In fact, on 27 August 2008, before the financial crisis had broken out, the total assets of the US Federal Reserve stood at $910 billion. As the crisis broke out, the Fed started printing money and buying government bonds and mortgages-backed securities, in order to pump in money into the financial system to drive down interest rates. This process was referred to as quantitative easing.
This is what Fed did for the next few years and the total assets on its books, as it kept buying bonds, shot up to $4.52 trillion as of 14 January 2014. This slowed down post January 2014 and the Fed even started selling some of the bonds it had bought, in order to pump money out of the financial system. By 21 August 2019, the size of the Fed’s balance sheet was down to $3.76 trillion. This pushed up bond yields and threatened to push up interest rates as well.
The balance sheet started growing again and it exploded post covid and it stands at $7.59 trillion as of 24 February 2021. In fact, in the last one year, the US Fed has printed and pumped more than $3 trillion into the financial system.
The Bank of Japan, the Japanese central bank, has also carried out a massive amount of money printing since the financial crisis broke out. As of August 2008, its balance sheet size stood at 108.4 trillion yen. As of January 2021, it stands at 709.5 trillion yen.
A lot of this money has found its way into the stock market and real estate markets all over the world. Companies have also borrowed money at very low interest rates in order to buy back their shares, reduce the number of outstanding shares, increase their earnings per share and, in the process, push up their stock price. Clearly, this money has helped stoke more than a few asset bubbles.
The next steps?
Given unsuccessful attempts in the past to suck out a part of the money from the financial system, it is more than likely that central banks and governments will want to ensure it continues to remain flooded with money.
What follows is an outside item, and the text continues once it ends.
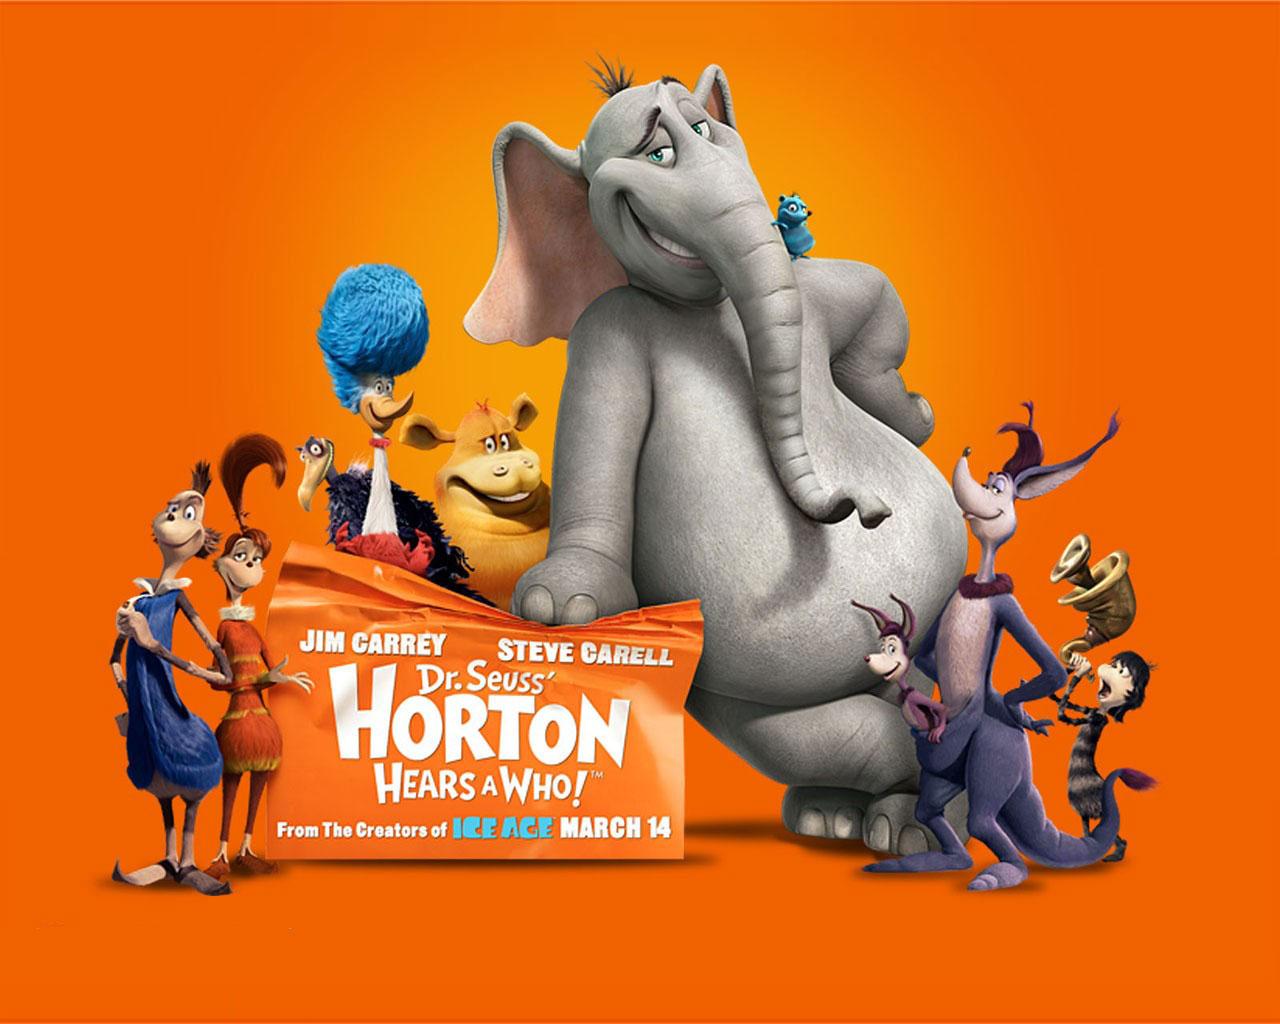 horton-hears-a-who.jpg

Hence, it is hardly surprising that Reuters reported on Friday: “The world’s financial leaders agreed they would avoid a premature withdrawal of fiscal and monetary stimulus."
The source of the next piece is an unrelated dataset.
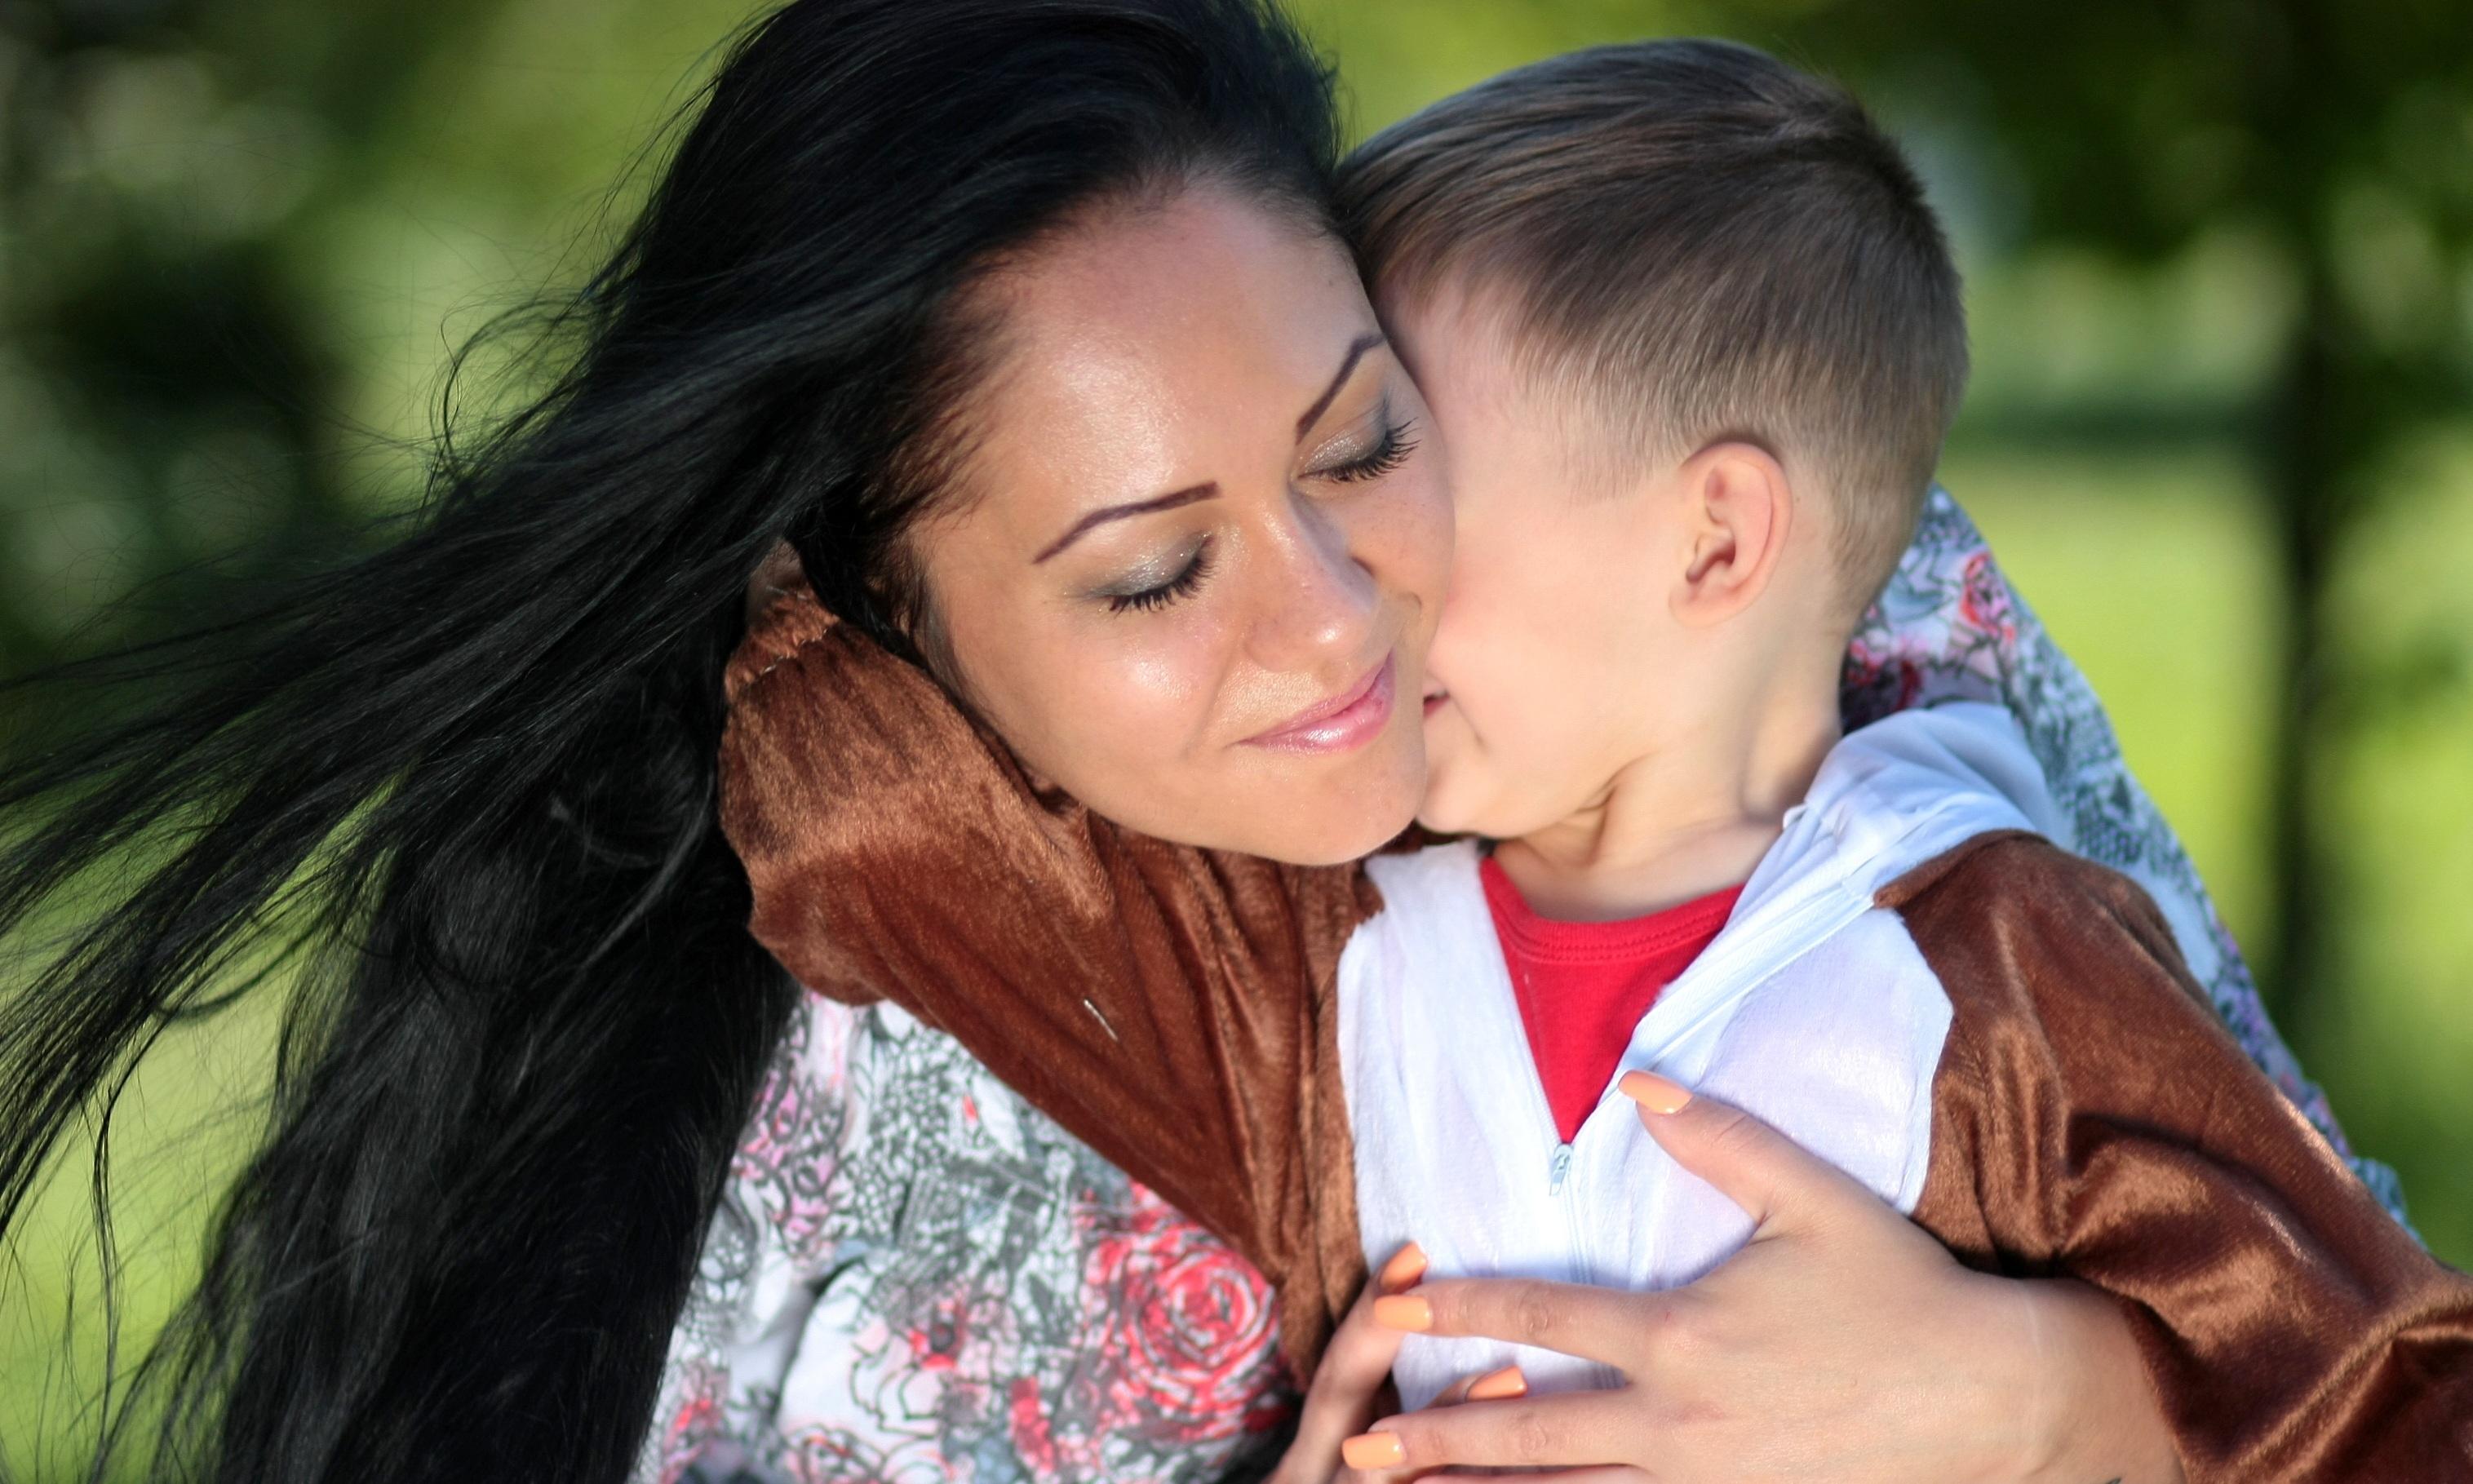 Открытка кардмейкинг, картинки мать с сыном

This is governments signalling to the investors as well as the markets that the era of easy money will continue in the days to come.
On Saturday, the House of Representatives in the US passed President Joe Biden’s $1.9-trillion American Rescue Plan to stabilize the economy. Some of this money will seep into the stock markets and keep the bubbles going. Some of this will end up in the banking system, keeping interest rates and bond yields low.
Further, as the Wall Street Journal reported on 23 February, Jerome Powell sees easy-money policies staying in place. Powell is the current chairperson of the Federal Reserve. This means that the Fed will continue to print money and buy bonds. The chief economist of European Central Bank (ECB), Philip Lane, has made comments similar to that of Powell. He told the Financial Times that by March 2022, the ECB plans to spend up to €1.85trillion in order to buy bonds.
Meanwhile, commodity prices seem to be on their way up, building up inflationary expectations (see chart). The increase in commodity prices is not just because of an expected increase in consumer demand as economies recover. It is also because investors are trying to hedge against inflation by buying hard assets (even though in their derivative form).
The funny thing is that investors hedging against inflation can lead to even higher inflation. As investors buy commodities, in order to neutralise inflation, the commodity prices can go up further and create more inflation.
So, will the market and investors buy the story of the governments and the central banks this time around as well? Or do they really think higher inflation is around the corner?
I would watch the markets very closely, while humming Hotel California.